According to feedback from the EPCs Brittmore has worked with, the biggest win might be how the system handles frameless modules. Part of the secret sauce is an adhesive back-bonding technology the team uses in the PAC instead of clips, which can be a pain when trying to mount and torque several modules in place.

“The industry is trying to get to frameless, but as you look beyond thin film and look at crystalline silicone — a 72-cell frameless module weighs a ton,” Samuels says. “Our robotics can handle it. The key is when you assemble the individual modules into a panel in the PAC, your guys are manipulating these heavy modules on a stable, flat ground, and then they mount them together using a galvanized steel back rail and silicone adhesive. The result is a very heavy and cumbersome panel that’s only being manipulated by robotics, not by people.”

The system does have its limitations. For one, the project site and size need to make sense.

“Due to deployment costs, we don’t do anything smaller than 2 MW,” he says. “Smaller than that and the deployment costs start to overwhelm the project costs.”

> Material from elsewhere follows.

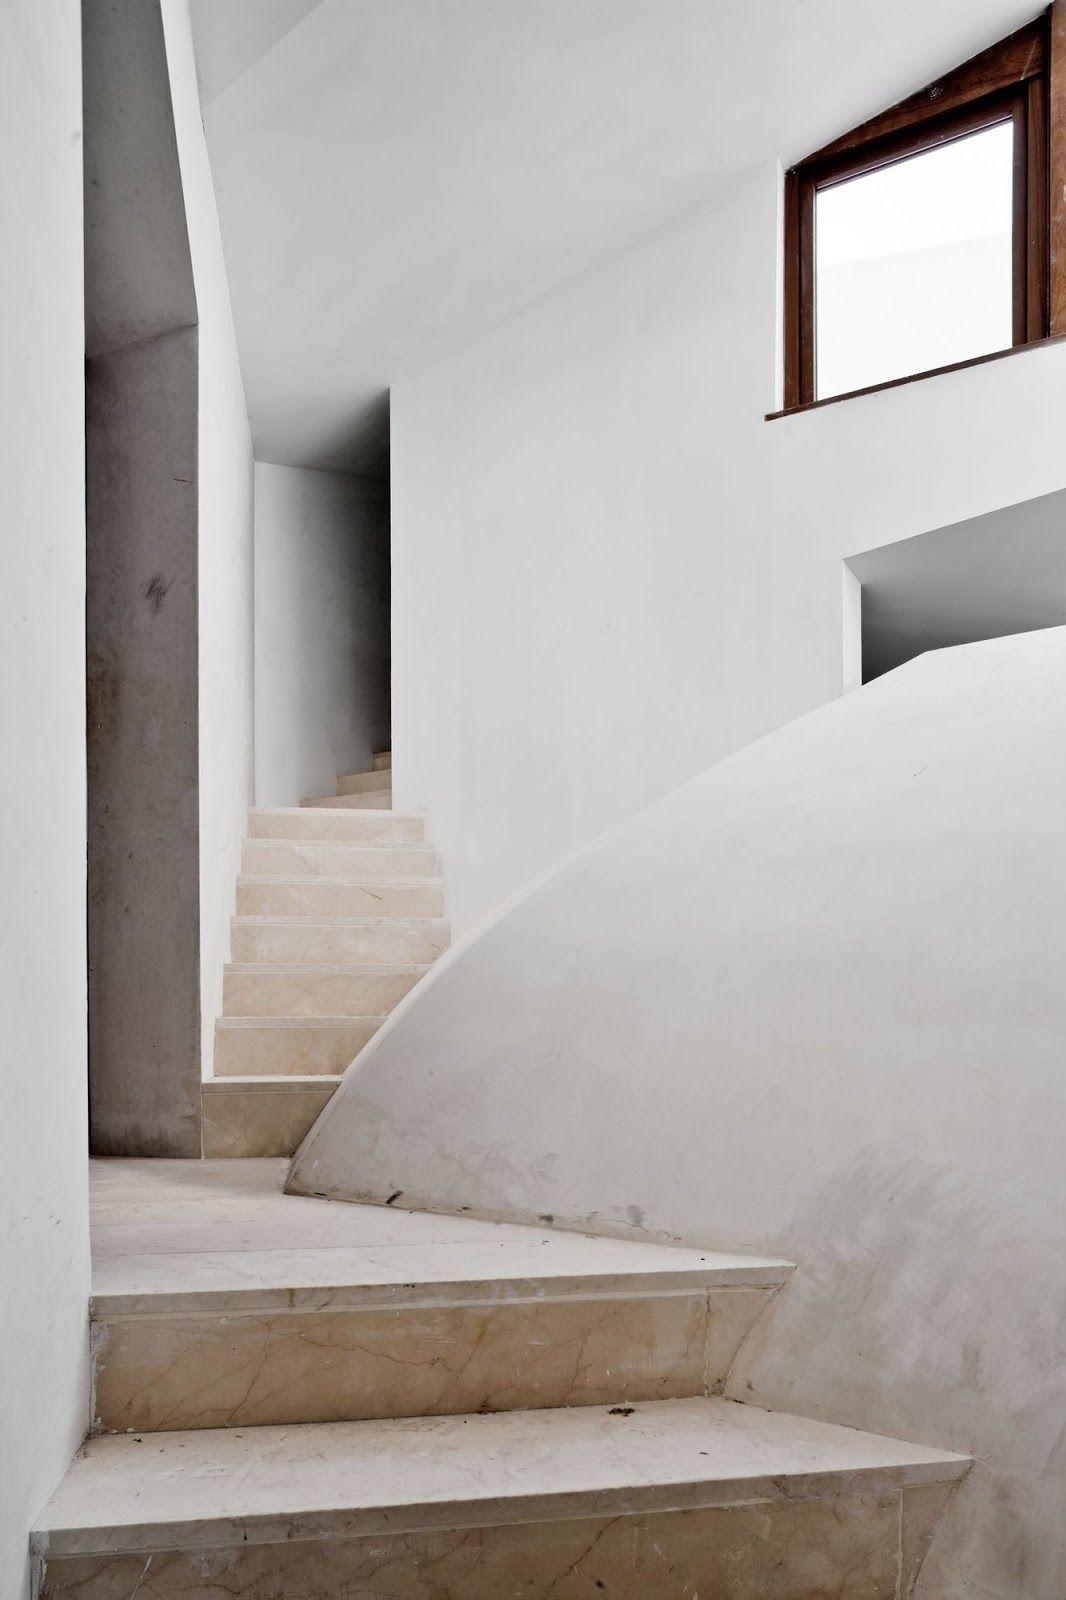 Alvar aalto house interior a f a s i a flores u prats  duch pizá  architecture  random arch
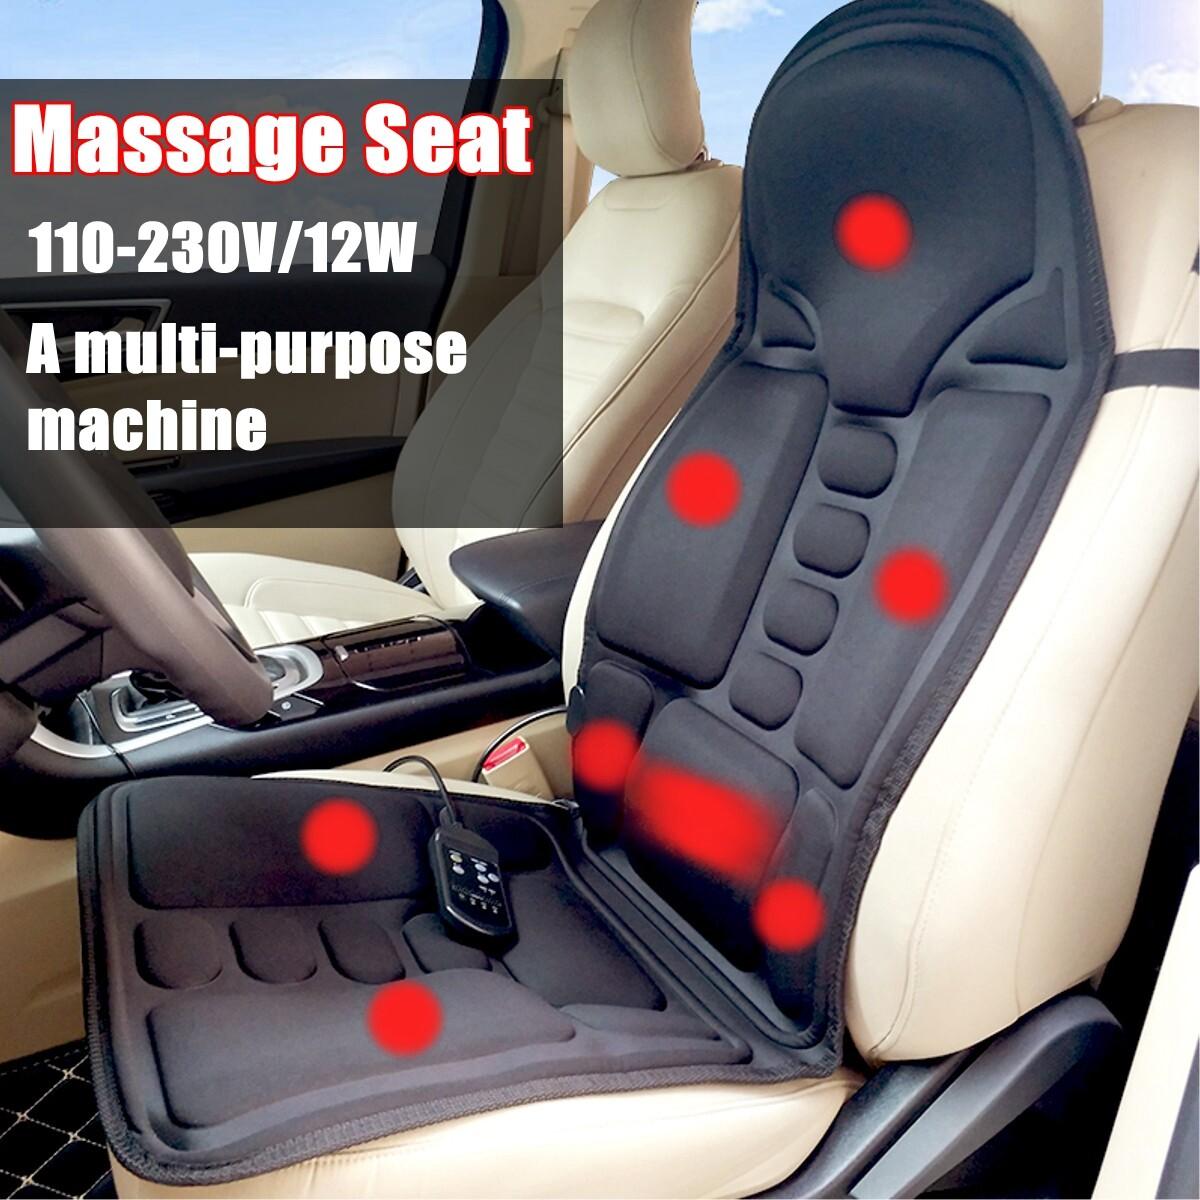 220V Portable Controllable Full Back Massager Cushion 3-Gear 8-Massage Mode Adjustable For Home Office & Travel Back Neck Shoulder Relaxation

The system can handle only about a 10 percent grade in a site’s incline or decline, so a site with a steep or sharp hill could be problematic.

Row lengths are also a factor. The system can bridge gaps in rows, but if the site is more of a narrow configuration with a lot of short rows, some efficiency is lost due to constantly having to move robots around (the 40 panels/160 modules an hour measure is based on 200-meter long rows).

The system also works with fixed-tilt racking only at the moment, which limits some of Brittmore’s opportunities as trackers trend up. Samuels says a lot of the company’s business is on the East Coast right now because fixed-tilt is booming there, but Brittmore hasn’t ruled out a solution for trackers down the road.

“We are looking to partner with a single-axis tracker company that wishes to take advantage of our capabilities and make modifications to their tracker that allow us to work with it,” Samuels says.

Chris Crowell is the managing editor of Solar Builder.